The EU AI Act is the world's first comprehensive legal framework for artificial intelligence. It introduces binding requirements for AI systems across risk tiers — and for companies building or deploying AI in the European market, understanding where your system sits in that taxonomy and what security obligations flow from it is no longer optional.
The Four Risk Tiers
Unacceptable Risk (Prohibited)
AI systems that pose clear threats to fundamental rights or safety are prohibited outright. This includes social scoring systems, real-time biometric surveillance in public spaces (with narrow law enforcement exceptions), and AI systems that exploit psychological vulnerabilities to manipulate behaviour.
High Risk
The most heavily regulated tier. High-risk AI systems are those used in: critical infrastructure, educational assessment, employment decisions, essential services (credit scoring, insurance), law enforcement, migration management, and administration of justice. AI systems that are safety components of products already subject to EU safety legislation (medical devices, vehicles, industrial machinery) are also classified as high risk.
If your AI product operates in any of these domains or is integrated into products in these domains, you are almost certainly in the high-risk tier.
Limited Risk
AI systems with specific transparency obligations — primarily chatbots and deepfake generators that must disclose their AI nature to users.
Minimal Risk
All other AI systems, including most consumer applications, AI-enabled spam filters, and AI in video games. No mandatory requirements, though voluntary compliance with codes of practice is encouraged.
Security Requirements for High-Risk AI Systems
Article 9 of the EU AI Act requires providers of high-risk AI systems to implement a risk management system that includes:
- Identification and analysis of known and foreseeable risks associated with the AI system.
- Estimation and evaluation of risks that may emerge when the system is used in accordance with its intended purpose and under conditions of reasonably foreseeable misuse.

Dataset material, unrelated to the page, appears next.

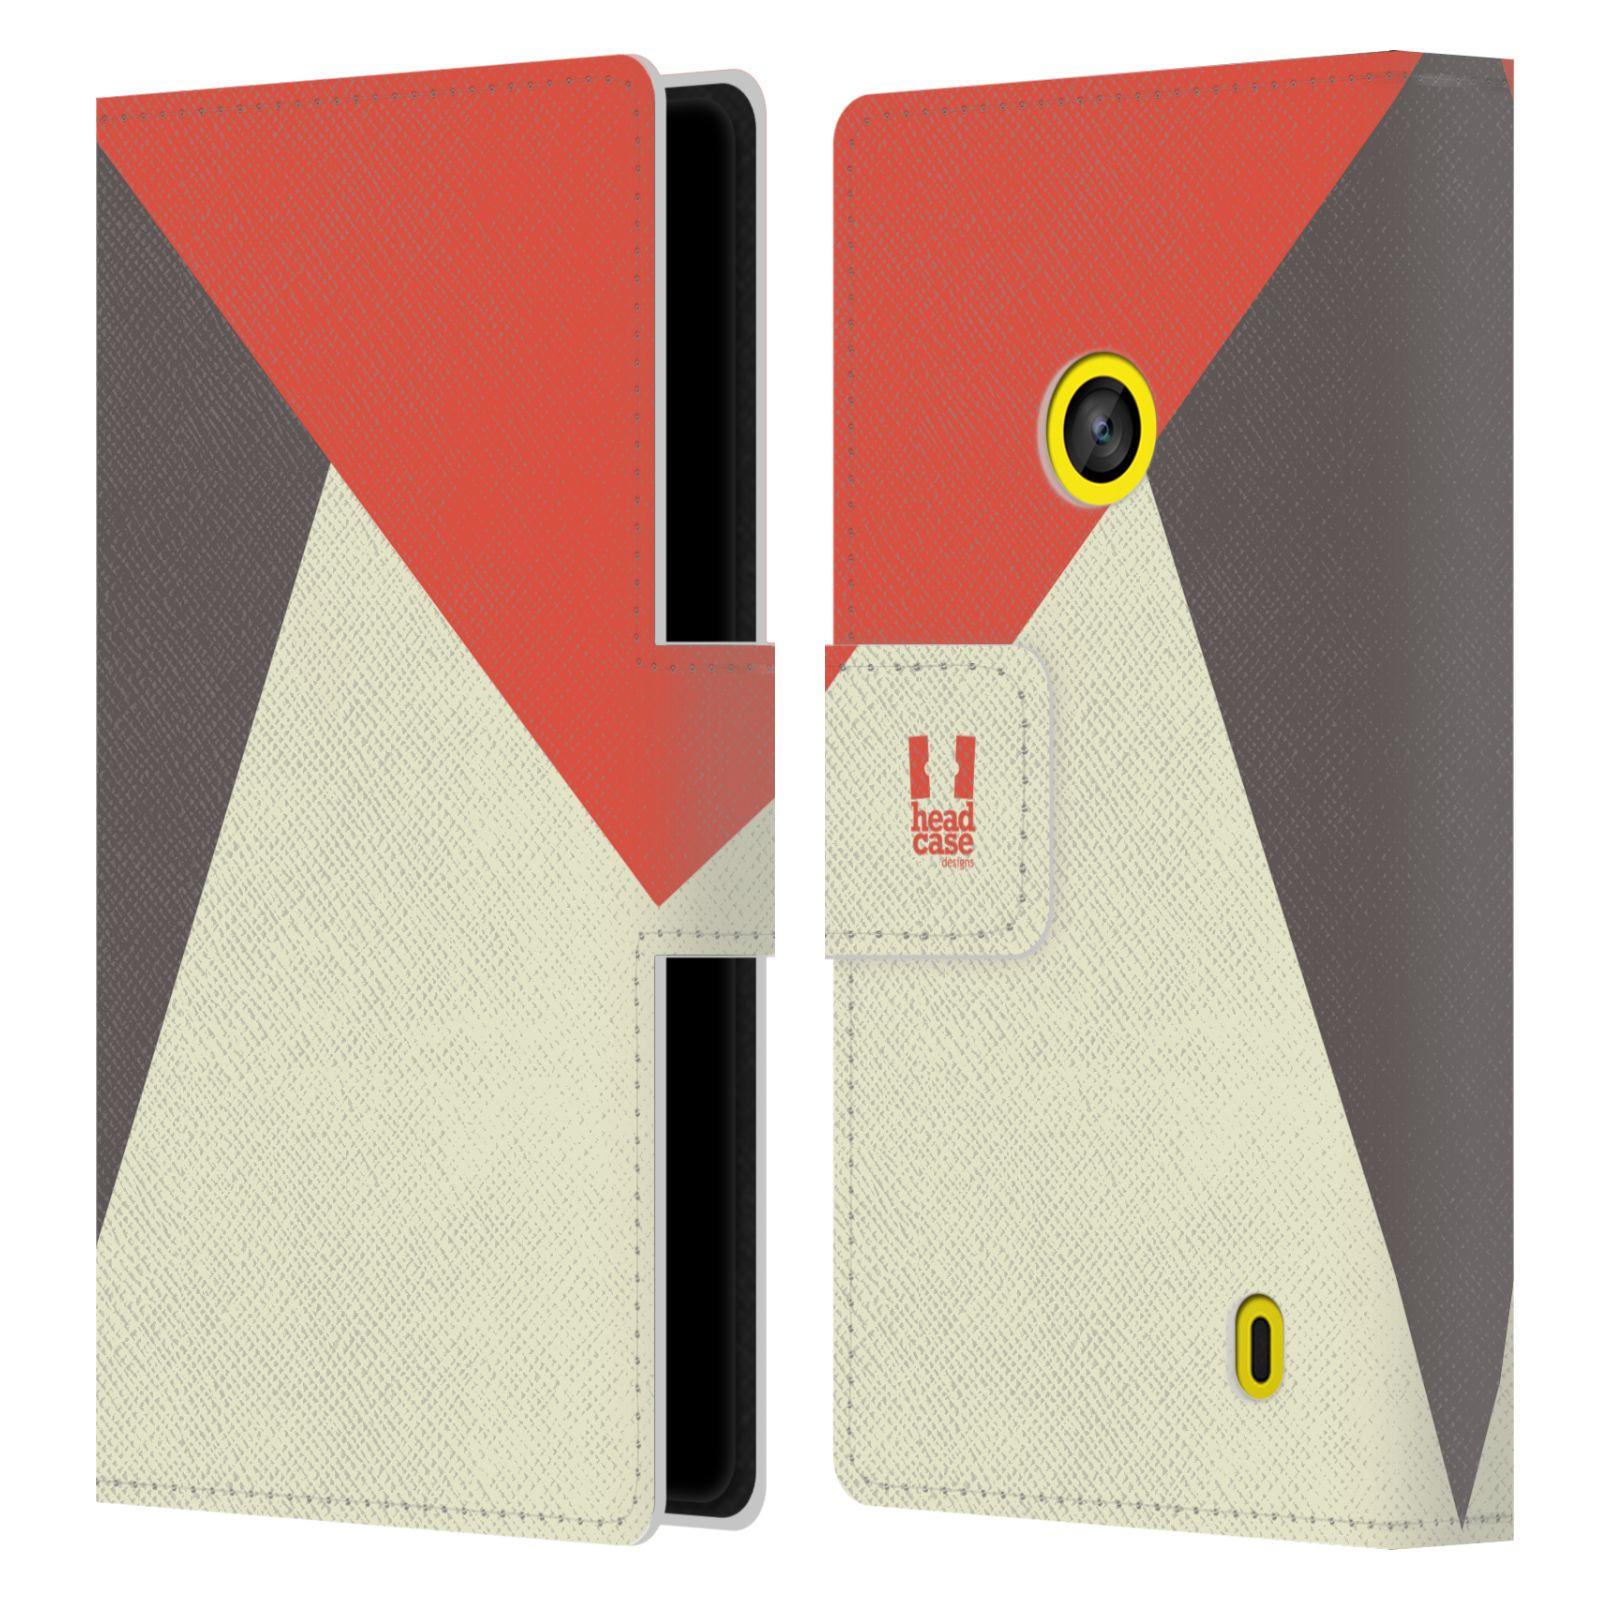 HEAD CASE Flipové pouzdro pro mobil Nokia LUMIA 520/525 barevné tvary červená a šedá COOL

- Evaluation of risks in light of data gathered from post-market monitoring.
- Adoption of appropriate risk management measures.
Article 15 requires high-risk AI systems to achieve appropriate levels of accuracy, robustness, and cybersecurity. Specifically:
- Systems must be resilient against attempts to alter their use or performance by third parties (adversarial attacks).
- Technical solutions must address AI-specific attacks including data poisoning, model poisoning, adversarial examples, and model extraction attacks.
- Systems must have appropriate backup plans and failover mechanisms.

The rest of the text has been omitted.